It is relatively easy to build software that works.

A developer writes a feature. Tests pass. The system behaves correctly under expected conditions.

But production environments are rarely predictable.

Traffic spikes. External services slow down. Data arrives in unexpected formats. Users interact with systems in ways nobody anticipated.

The difference between software that works and software that survives is how it handles these situations.

Production is full of unexpected inputs

In controlled environments, systems receive clean, predictable data.

In production, that assumption breaks quickly.

Fields may be missing. Data may arrive in formats that were never documented. External systems may change behavior without warning.

Software that survives production validates inputs aggressively and handles unexpected data safely.

External dependencies behave unpredictably

Most modern systems depend on external services.

Payment processors, shipping providers, accounting platforms, and marketplaces all introduce external risk.

Even reliable services experience slowdowns or outages.

Systems that survive production assume these failures will happen and design workflows that can recover from them.

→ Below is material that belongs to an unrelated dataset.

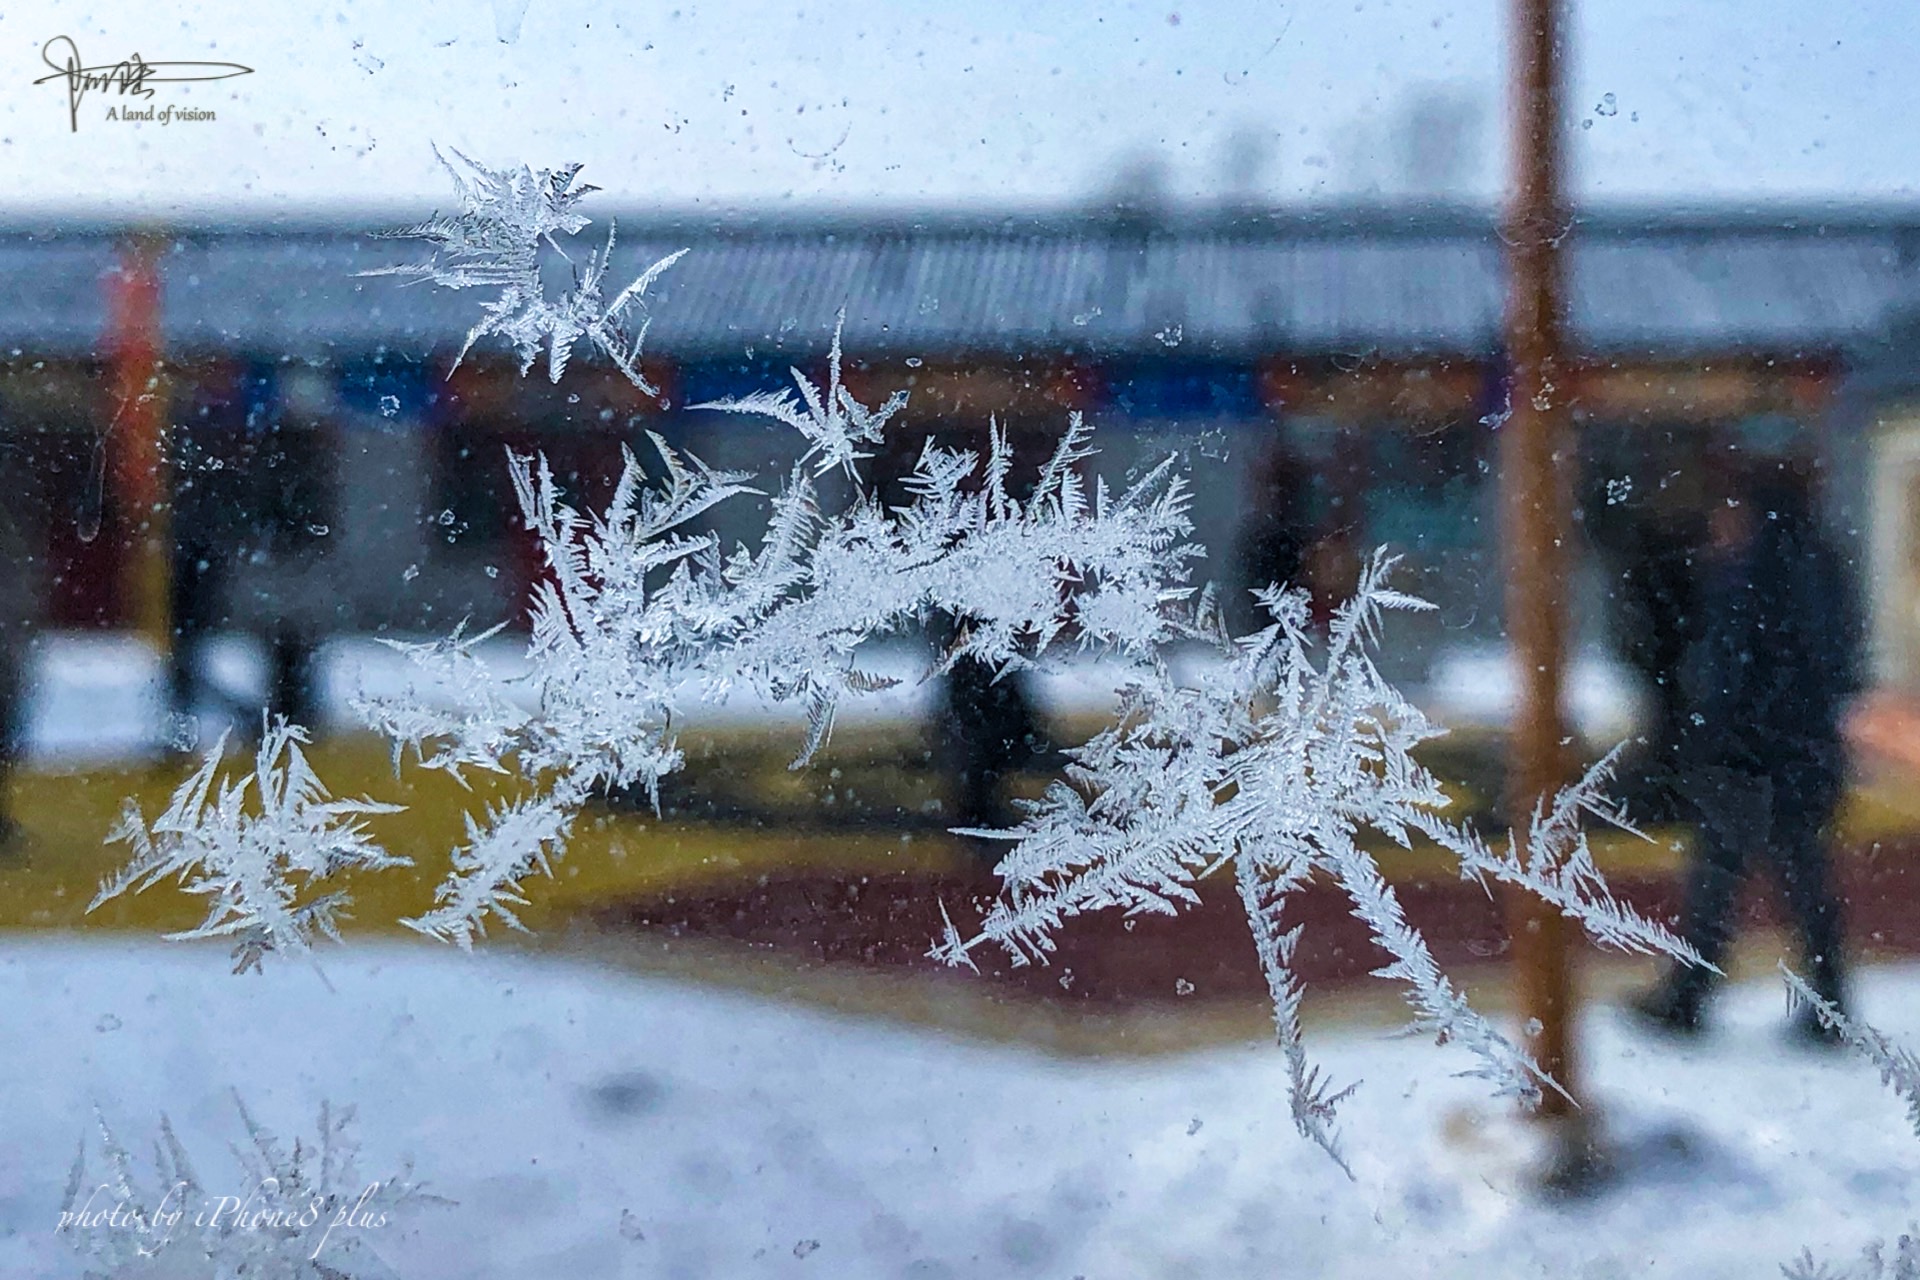 在哈尔滨的冬天,遇见满窗冰花,典型的北方啊

Traffic is rarely consistent

Usage patterns often change faster than expected.

A marketing campaign can drive sudden demand. A successful product launch can multiply system load overnight.

Software that survives production scales gracefully and degrades safely when limits are reached.

Recovery matters more than perfection

No system avoids every failure.

The real test of a system is how quickly it can detect and recover from problems.

Reliable systems prioritize observability, clear error handling, and mechanisms for safely retrying failed operations.


Software that works is easy to build.

Software that survives production requires designing for the unexpected.